ARTICLE IX: INDEMNIFICATION AND LIABILITY OF OFFICERS, DIRECTORS, VOLUNTEERS AND AGENTS
Section 1-Limitation of Personal Liability: Directors are not personally liable for breaches of fiduciary duty to the fullest extent permissible under the Colorado Nonprofit Corporation Act, as amended (the “Act”), including, without limitation, pursuant to C.R.S. 7-128-402, except in cases of unauthorized or unlawful use of Dragonfest funds. Directors, including Board Officers, or Corporate Officers who approve unauthorized or unlawful payments will be personally liable for the amounts involved.
If multiple Directors or Corporate Officers are involved in approving the unlawful or unauthorized use of Dragonfest’s funds, then any Director or Corporate officer that repays their fair share of the payment or obligation may seek repayment of any additional amounts paid from the other involved Directors and Corporate Officers.
Section 2-Scope of Indemnification: Dragonfest will provide indemnification of, and advance expenses to, Directors, Corporate Officers, volunteers, fiduciaries, and other agents to the fullest extent permissible under the Act.

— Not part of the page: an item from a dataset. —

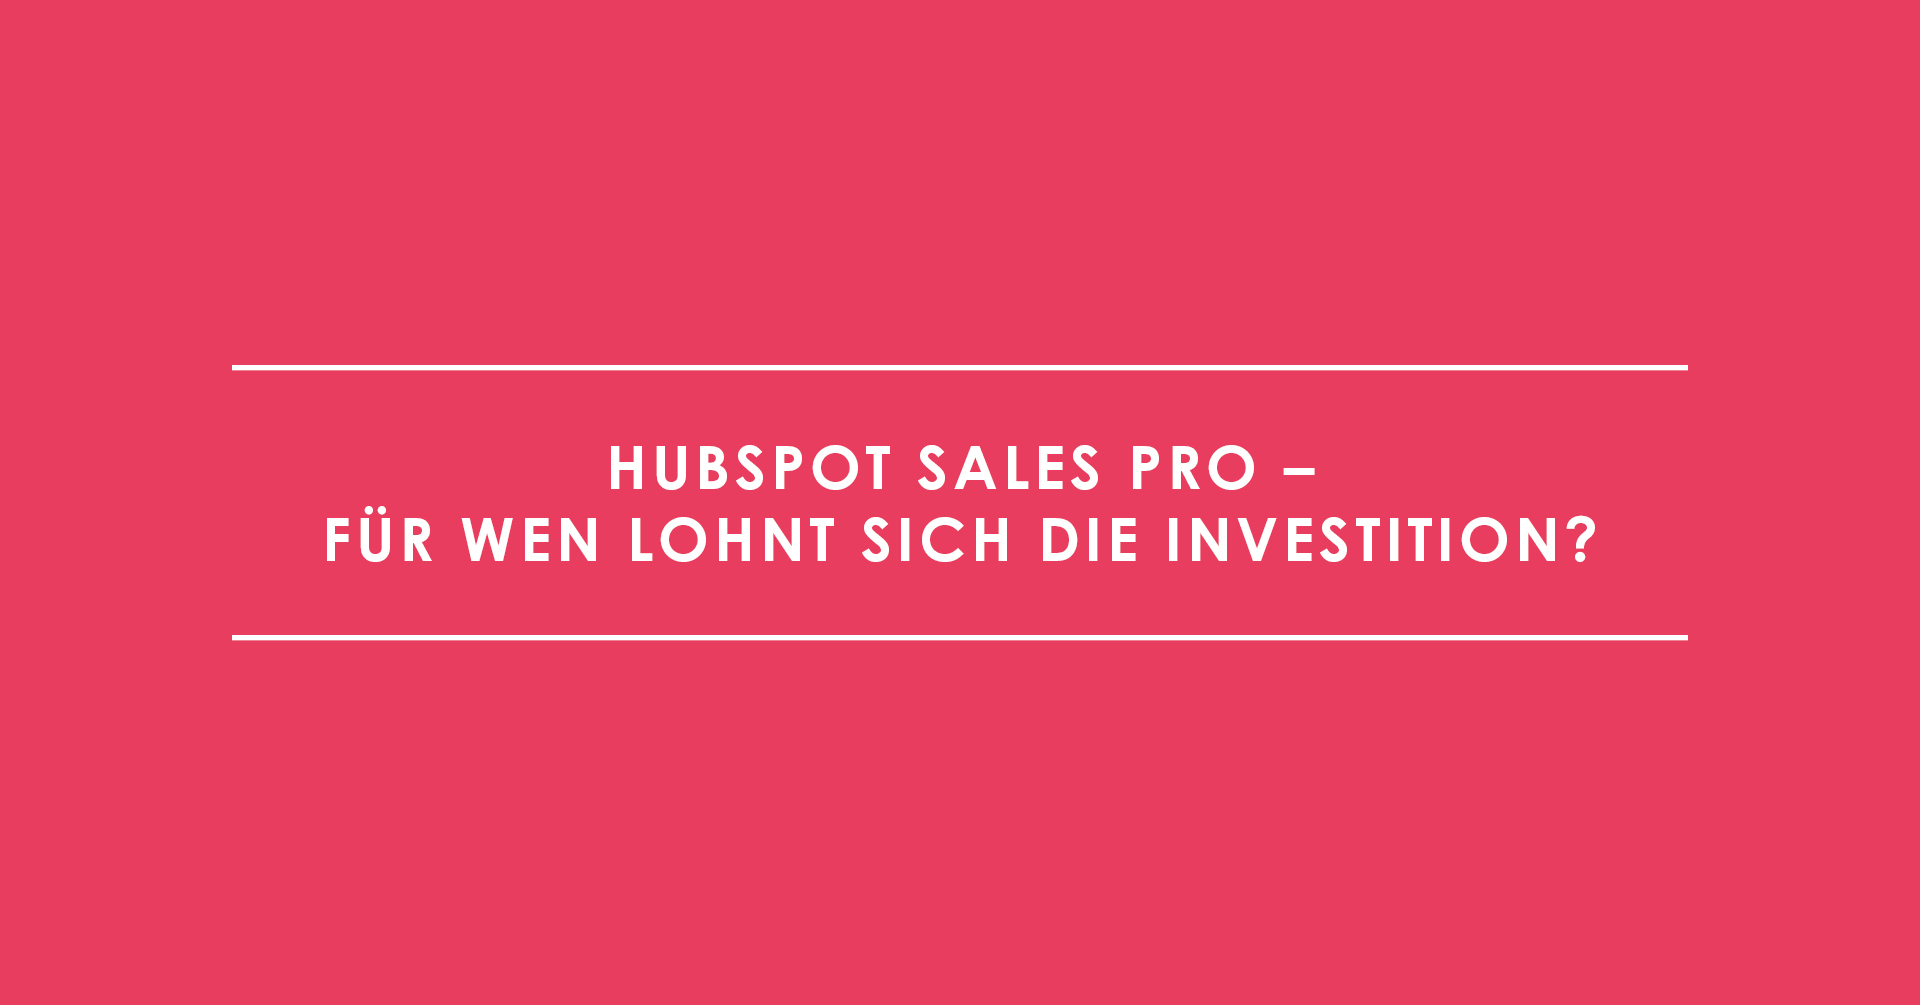 HubSpot Sales Pro – für wen lohnt sich die Investition?

Section 3-Amendment, Modification or Repeal: If this article is amended, modified, or repealed, in whole or in part, that amendment, modification, or repeal will not affect any right or protection of a Director, Officer, volunteer, fiduciary, or other agent under this Article in respect of any action or omission occurring prior to the time of such amendment, modification, or repeal.
Section 4-Insurance: Dragonfest may purchase and maintain insurance on behalf of any person who is or was a Director, Officer, employee, or agent of the organization against any liability asserted against that person and incurred by that person in any capacity related to Dragonfest.
ARTICLE X: FISCAL YEAR
The fiscal year for Dragonfest is January 1 to December 31.

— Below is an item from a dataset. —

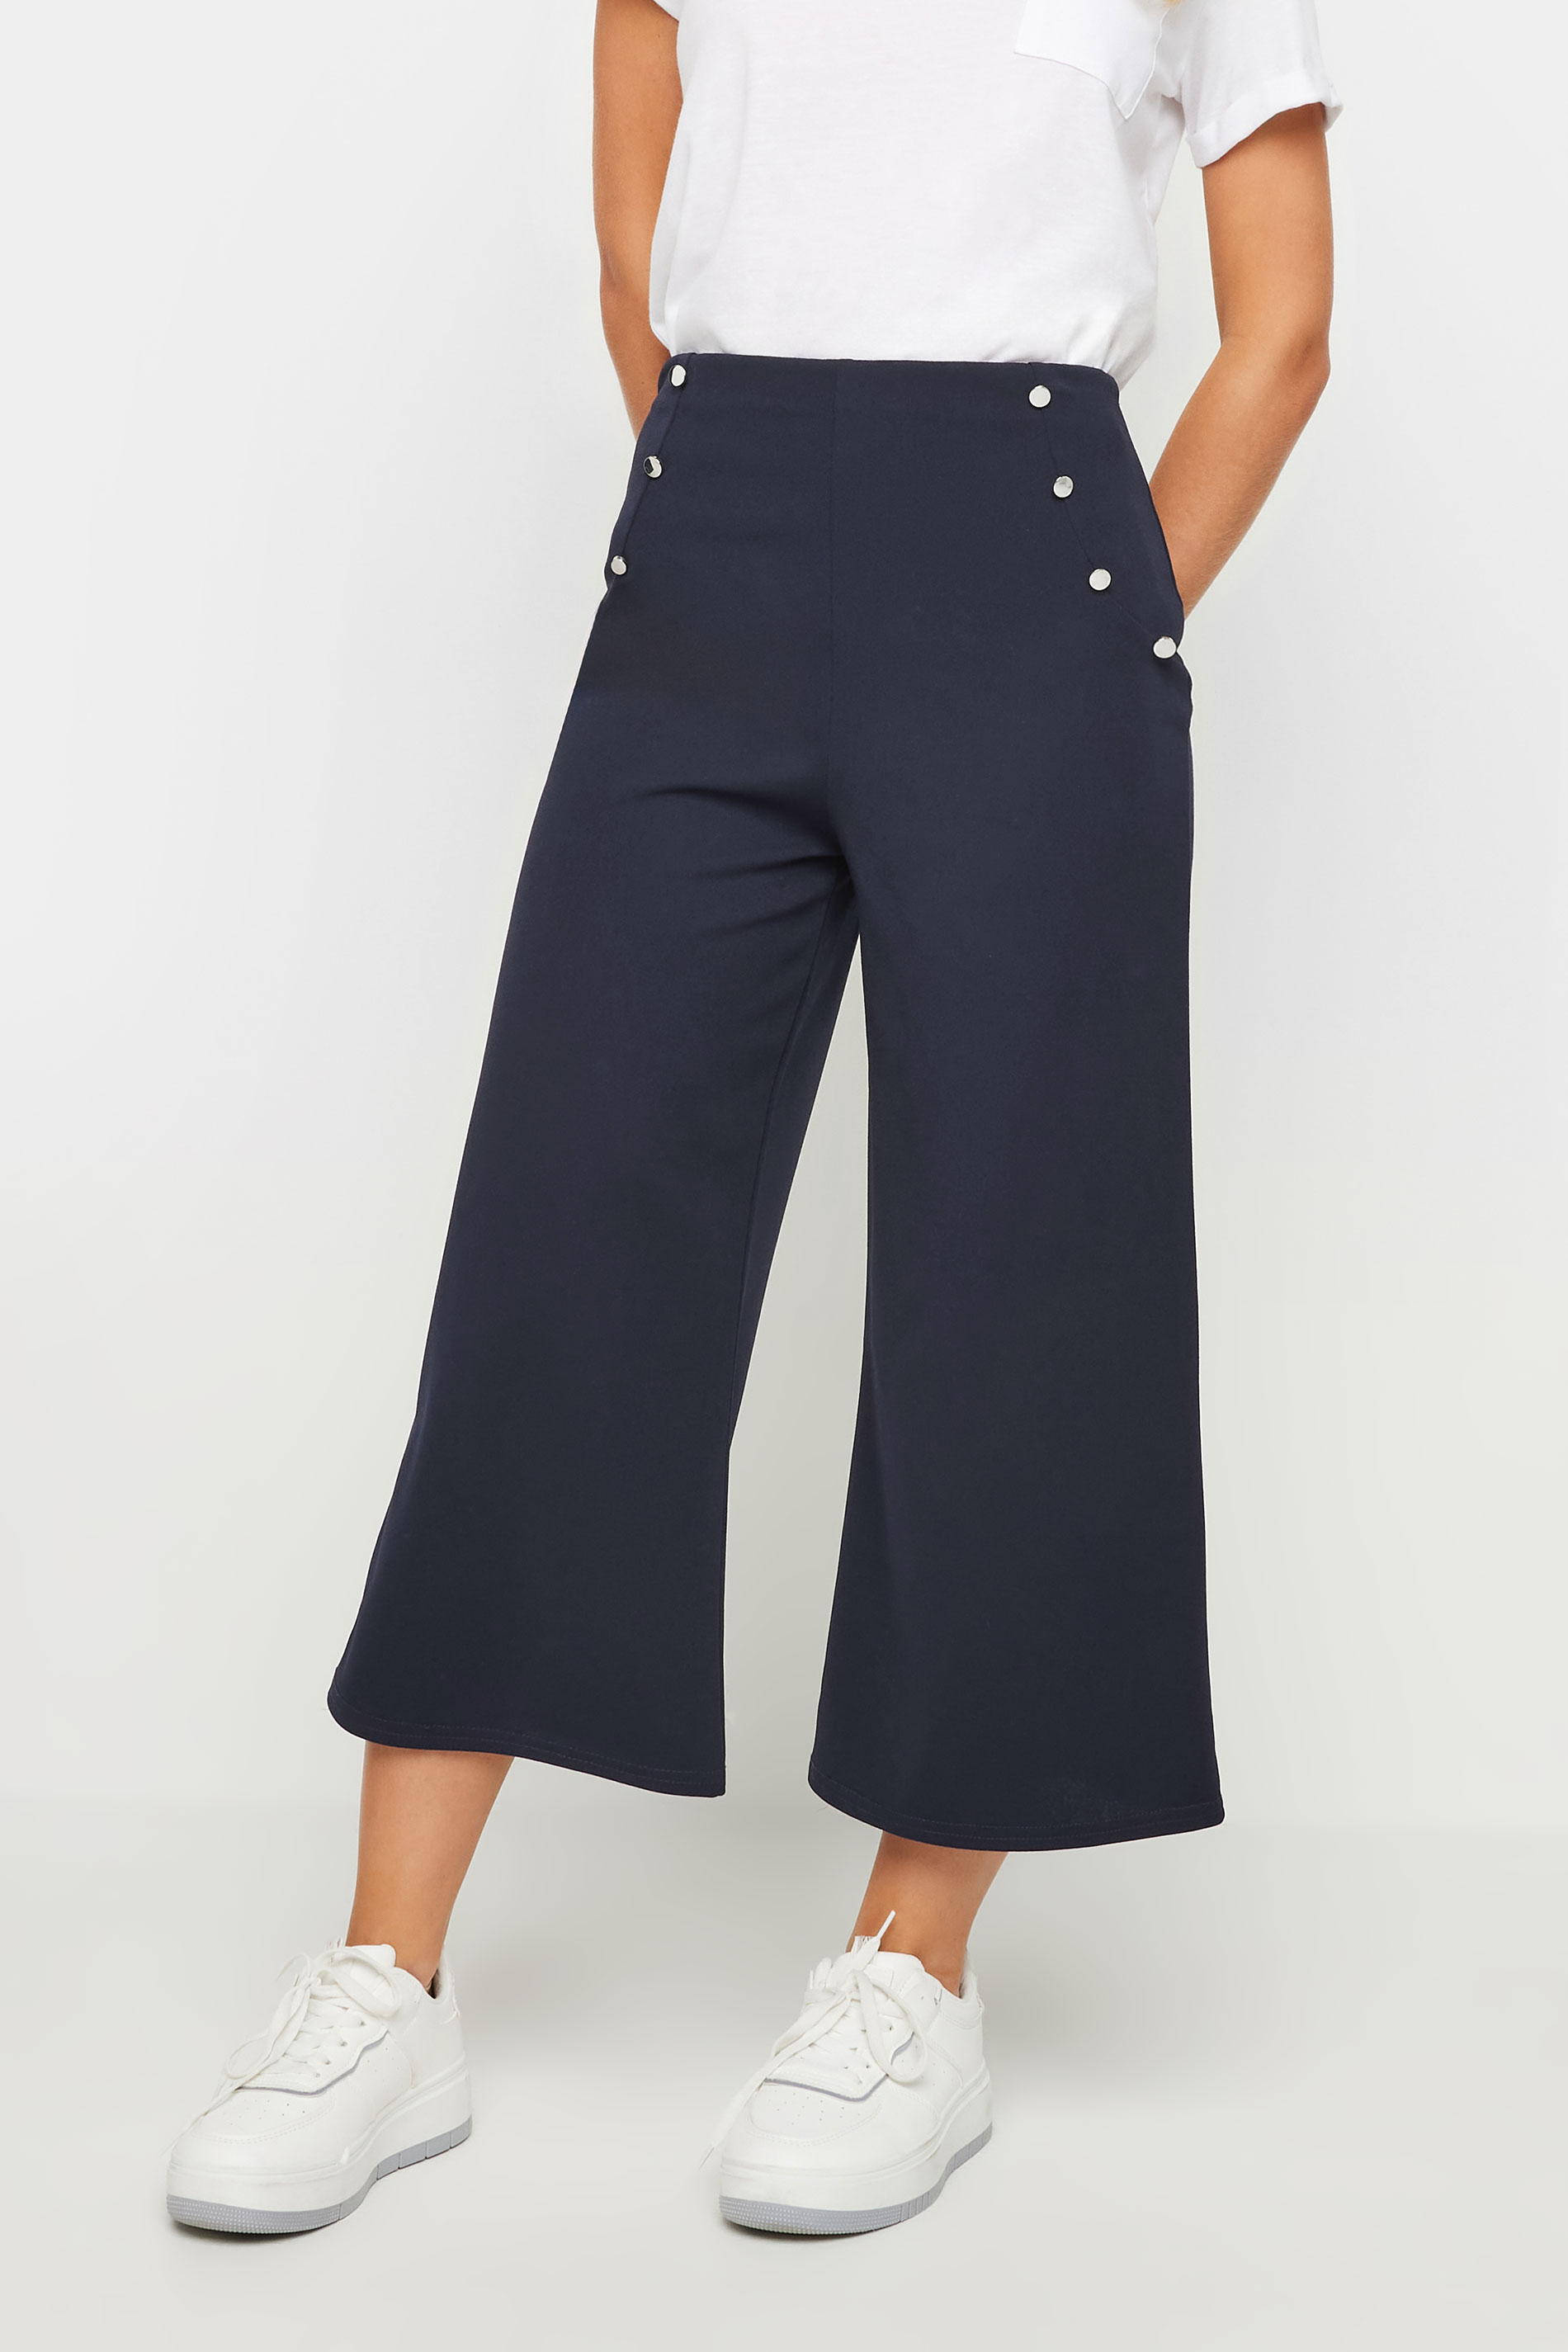 PixieGirl Petite Women's Navy Blue Button Detail Cropped Trousers | PixieGirl 2

ARTICLE XI: WAIVER OF NOTICE
A Director may waive any notice required by these Bylaws or as required by law at any time by documenting that Director’s waiver in writing. If a Director waives notice, then it is the same for all purposes as if the Director had received notice.
ARTICLE XII: AMENDMENTS, MODIFICATIONS, AND REPEAL
The membership may amend these bylaws by majority vote during a regular election. The Board may make modifications to comply with legal requirements at any time, which must be ratified by members at the next election.
The Board may vote to include any modification of these Bylaws in any election. Members may also propose amendments by submitting a petition at least 30 days prior to the election with the support of at least 10% of eligible voters in the election in which the modification will be included.
ARTICLE XIII: BOOKS AND RECORDS
Dragonfest will keep correct and complete books and records of all accounts of the organization, such as by creating a monthly treasurer’s report showing account balances and account statements. Dragonfest will also keep minutes of all Board meetings showing the acts of the Board.
Dragonfest will also maintain a record of the names and addresses of all Directors.
A member, or that member’s agent or attorney, may inspect any of Dragonfest’s books and records at any reasonable time.
ARTICLE XIV: DISSOLUTION OR SALE OF ASSETS
The Board may permit Dragonfest’s assets to be sold or mortgaged outside of the regular course of business if the vote passes with a two-thirds majority.
Dragonfest may only voluntarily dissolve upon the vote of a two-thirds majority of the members who are entitled to vote at the time the vote is taken. Upon Dragonfest’s dissolution, any assets remaining after payment of or provision for its debts and liabilities will, consistent with the purposes of the organization, be paid over to charitable organizations exempt under the provisions of Section 501(c)(3) of the U.S. Internal Revenue Code or corresponding provisions of subsequently enacted federal law. No part of the net assets or net earnings of the organization may be paid or distributed to a Corporate Officer, Director, member, or donor of the organization.
Replaces Dragonfest Corporate Bylaws as amended 12/13/2020. Approved 12/08/2024.